Exercise brief:
Print only the lines below from the one with "Panko crusted filled chicken breast" to the one with "JOHN WINTHROP (1588-1649).", both included, exactly as they stand. Leave pictures out.

Data under study:
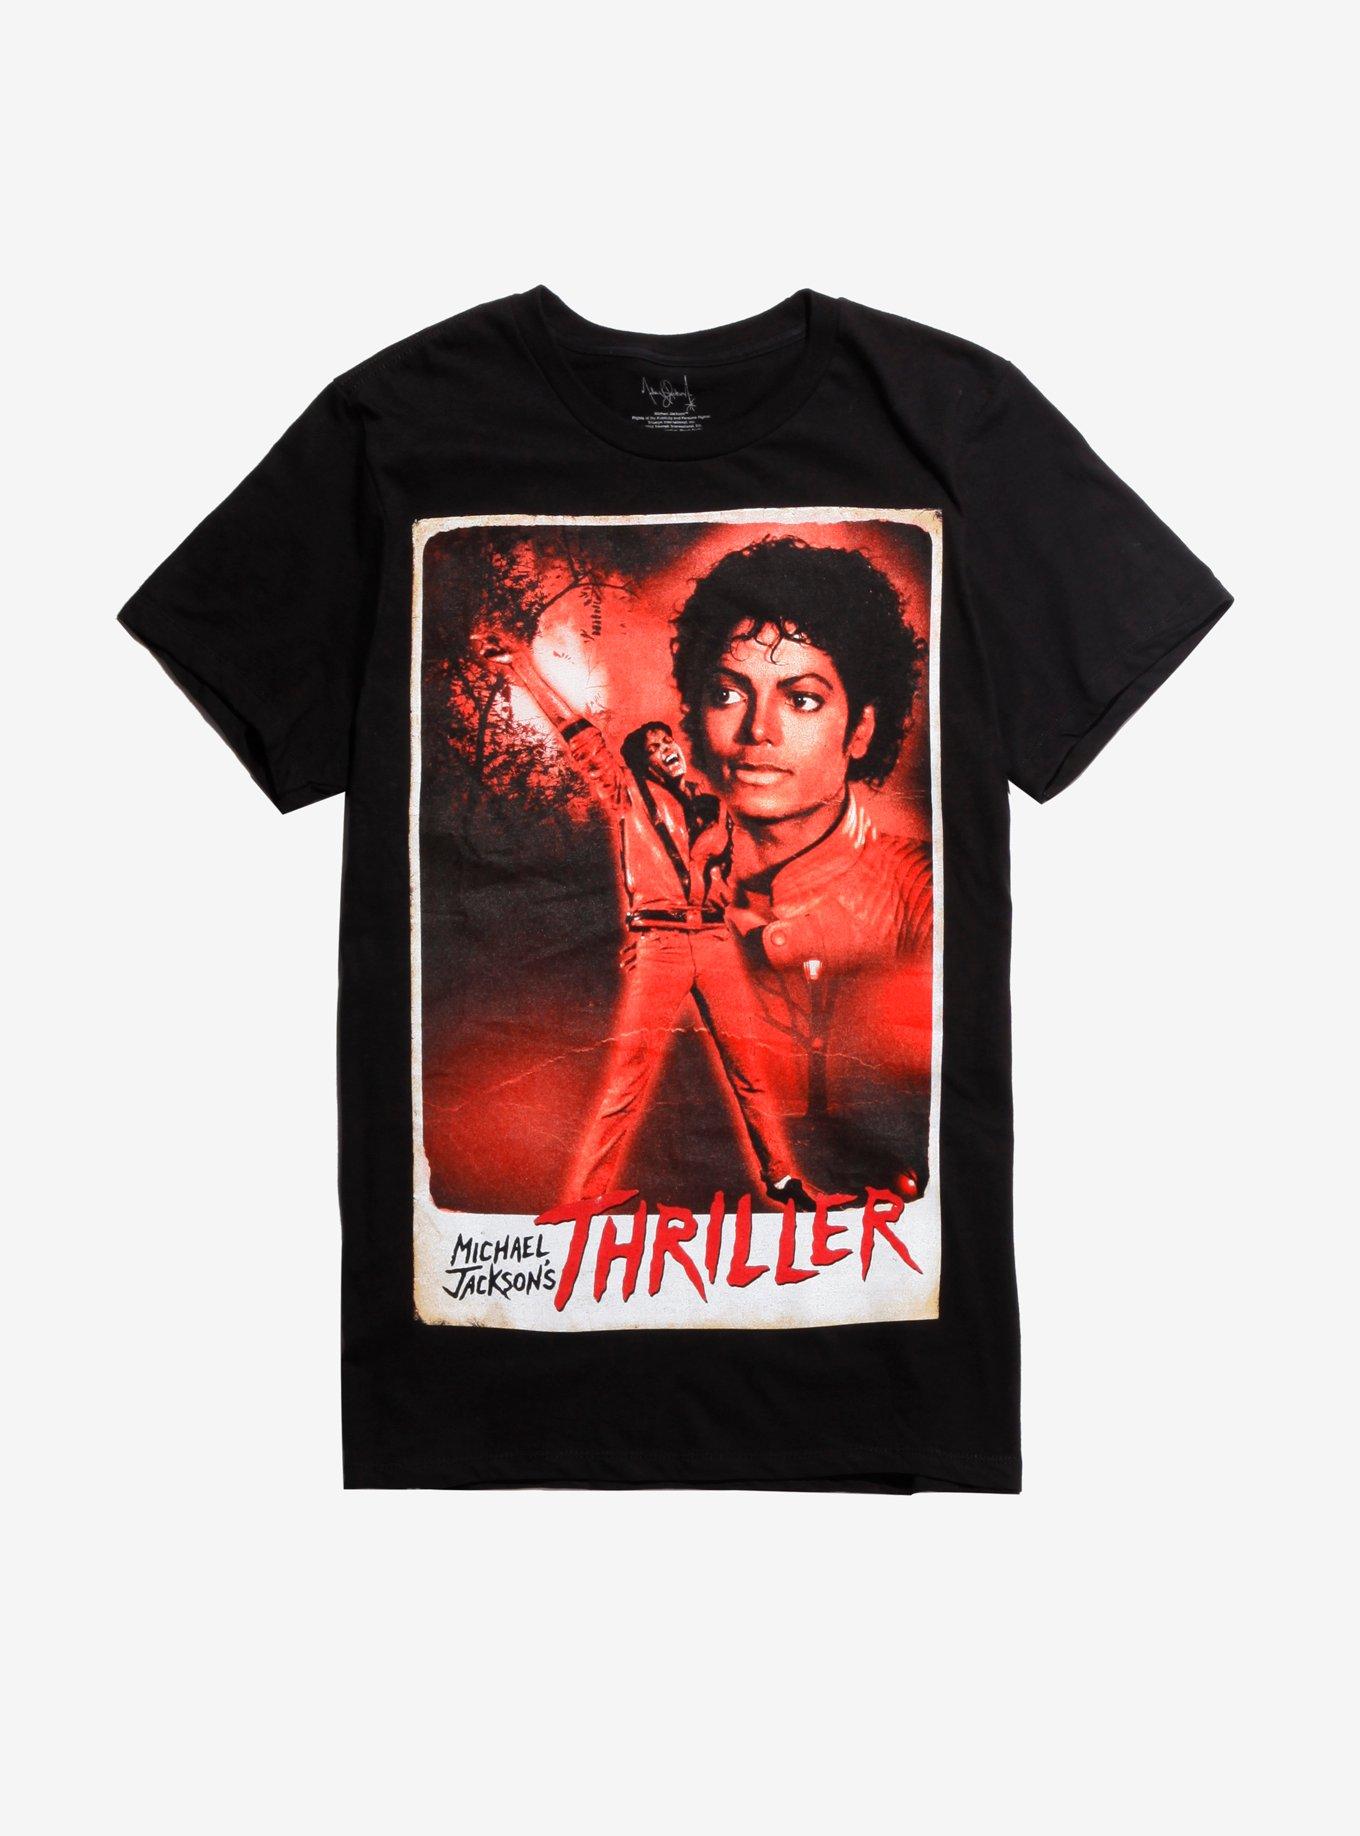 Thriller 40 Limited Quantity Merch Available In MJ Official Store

* * *

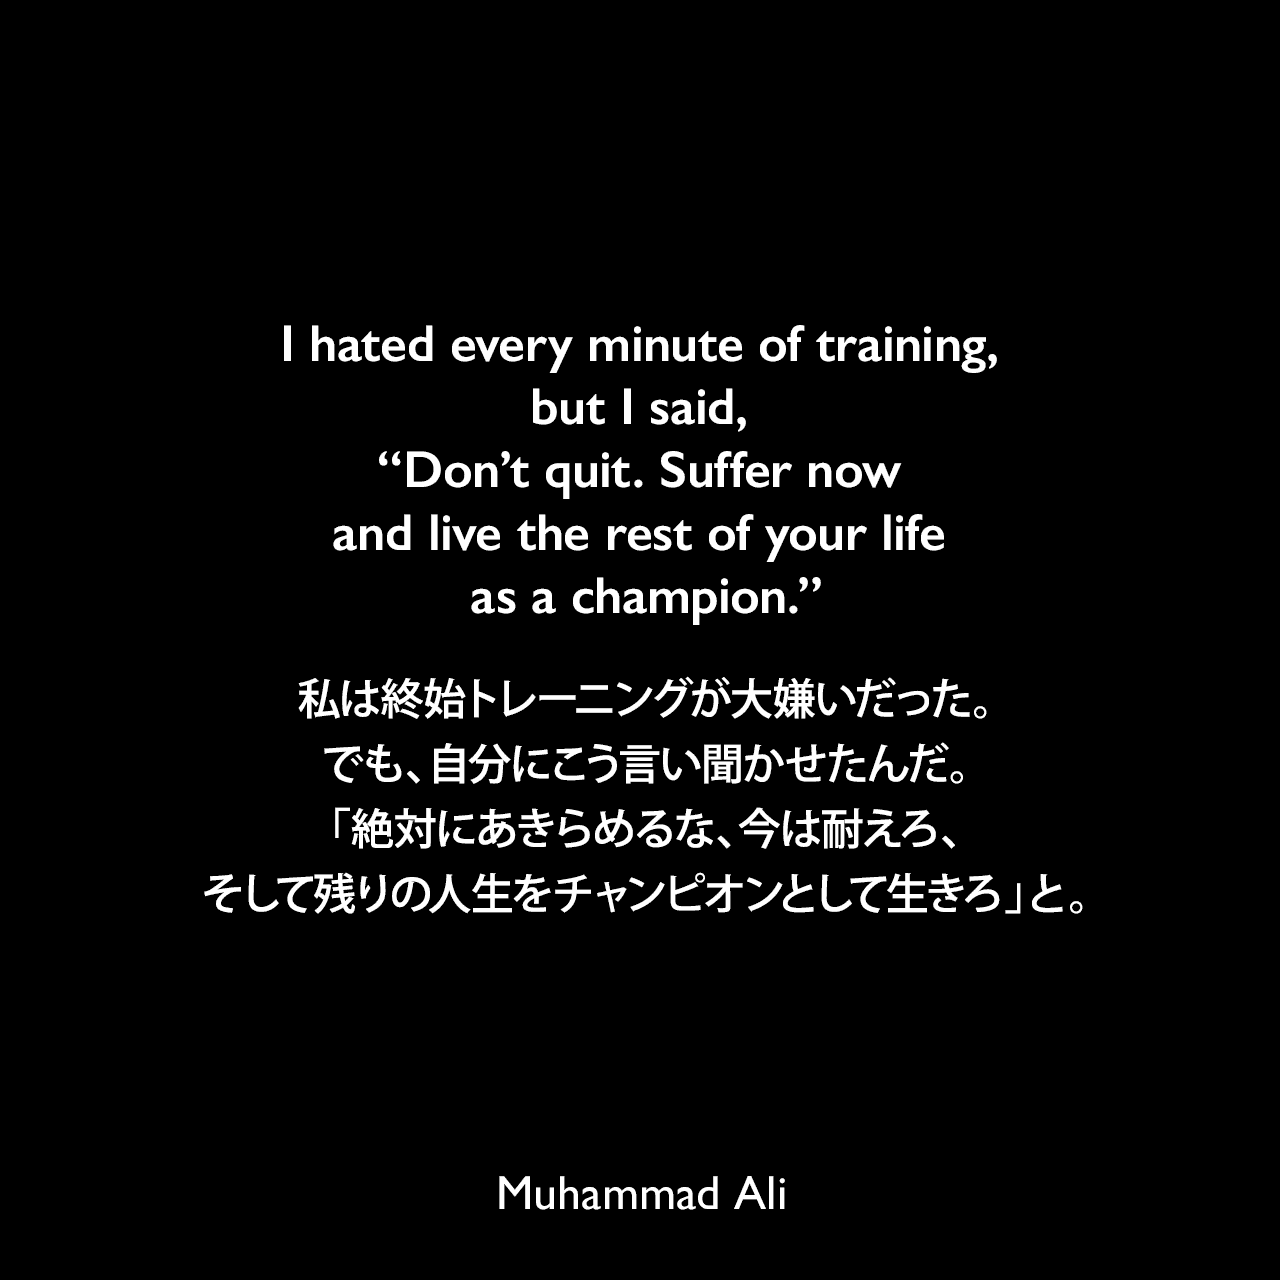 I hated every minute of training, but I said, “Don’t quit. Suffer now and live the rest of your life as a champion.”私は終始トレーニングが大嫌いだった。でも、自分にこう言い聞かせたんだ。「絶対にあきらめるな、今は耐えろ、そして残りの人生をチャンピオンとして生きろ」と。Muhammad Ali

---

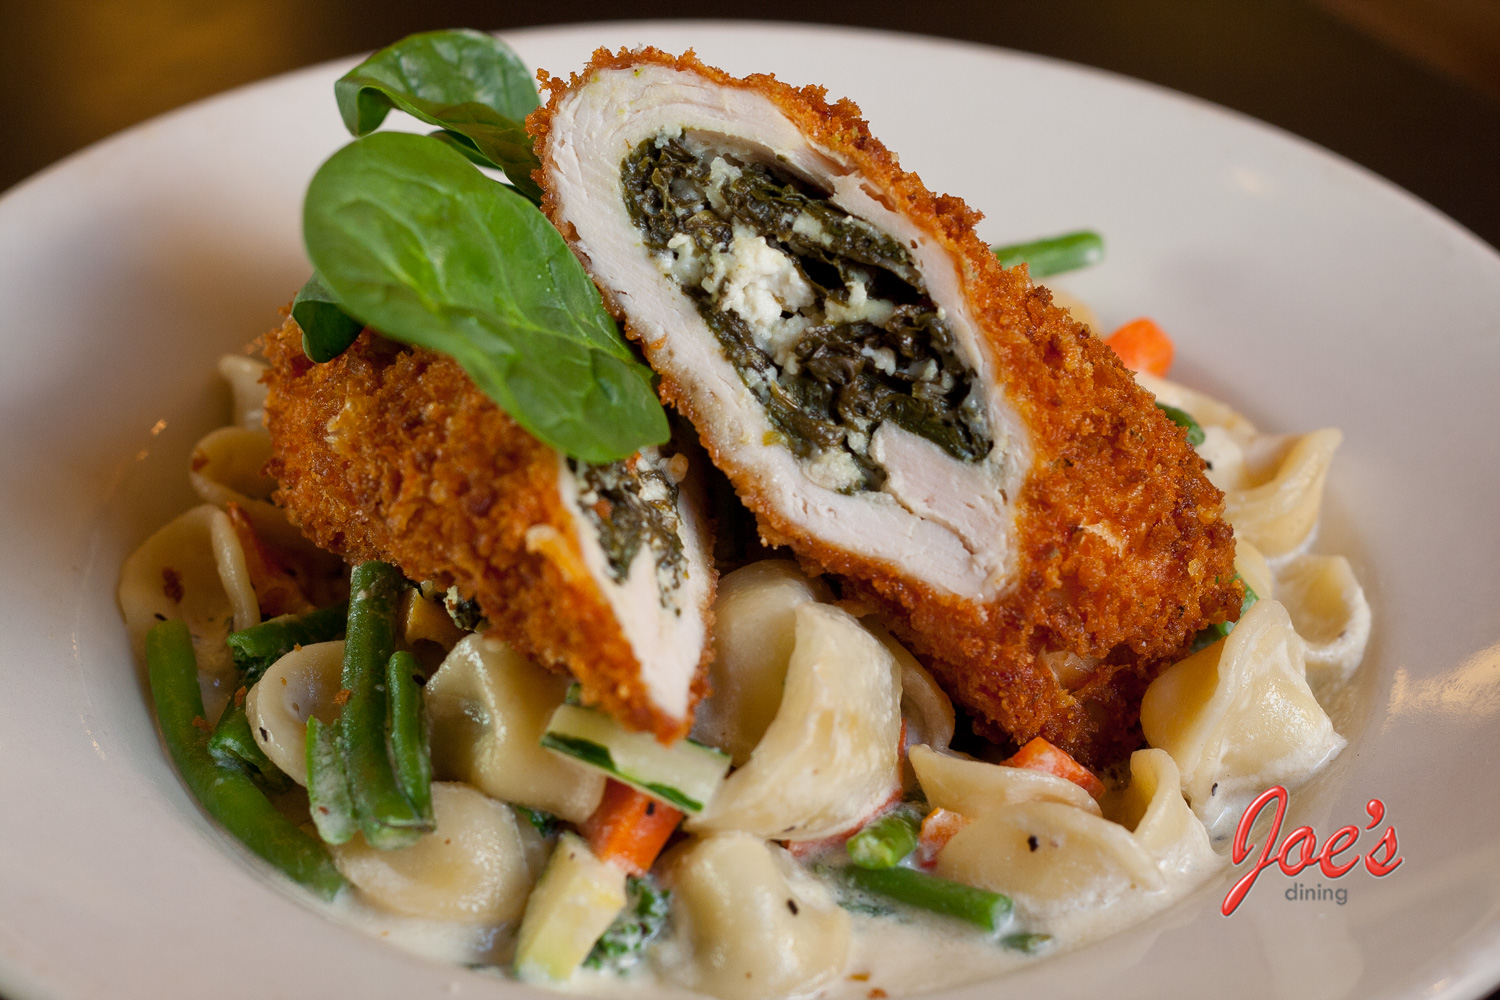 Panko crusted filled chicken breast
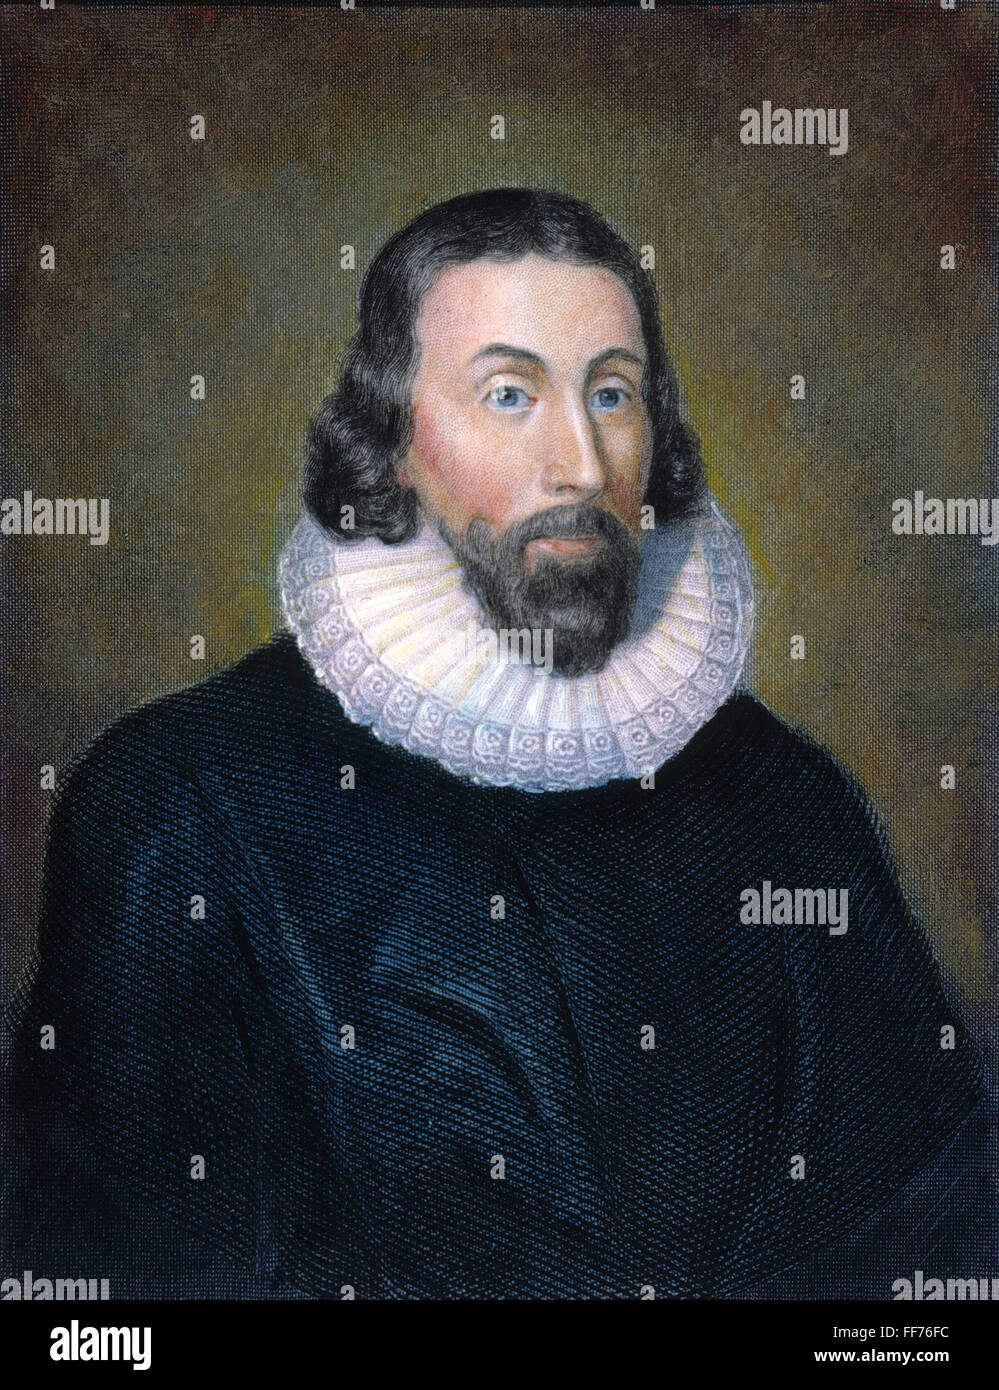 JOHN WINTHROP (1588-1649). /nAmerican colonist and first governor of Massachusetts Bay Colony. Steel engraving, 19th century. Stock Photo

Completed exercise:
 Panko crusted filled chicken breast
 JOHN WINTHROP (1588-1649). /nAmerican colonist and first governor of Massachusetts Bay Colony. Steel engraving, 19th century. Stock Photo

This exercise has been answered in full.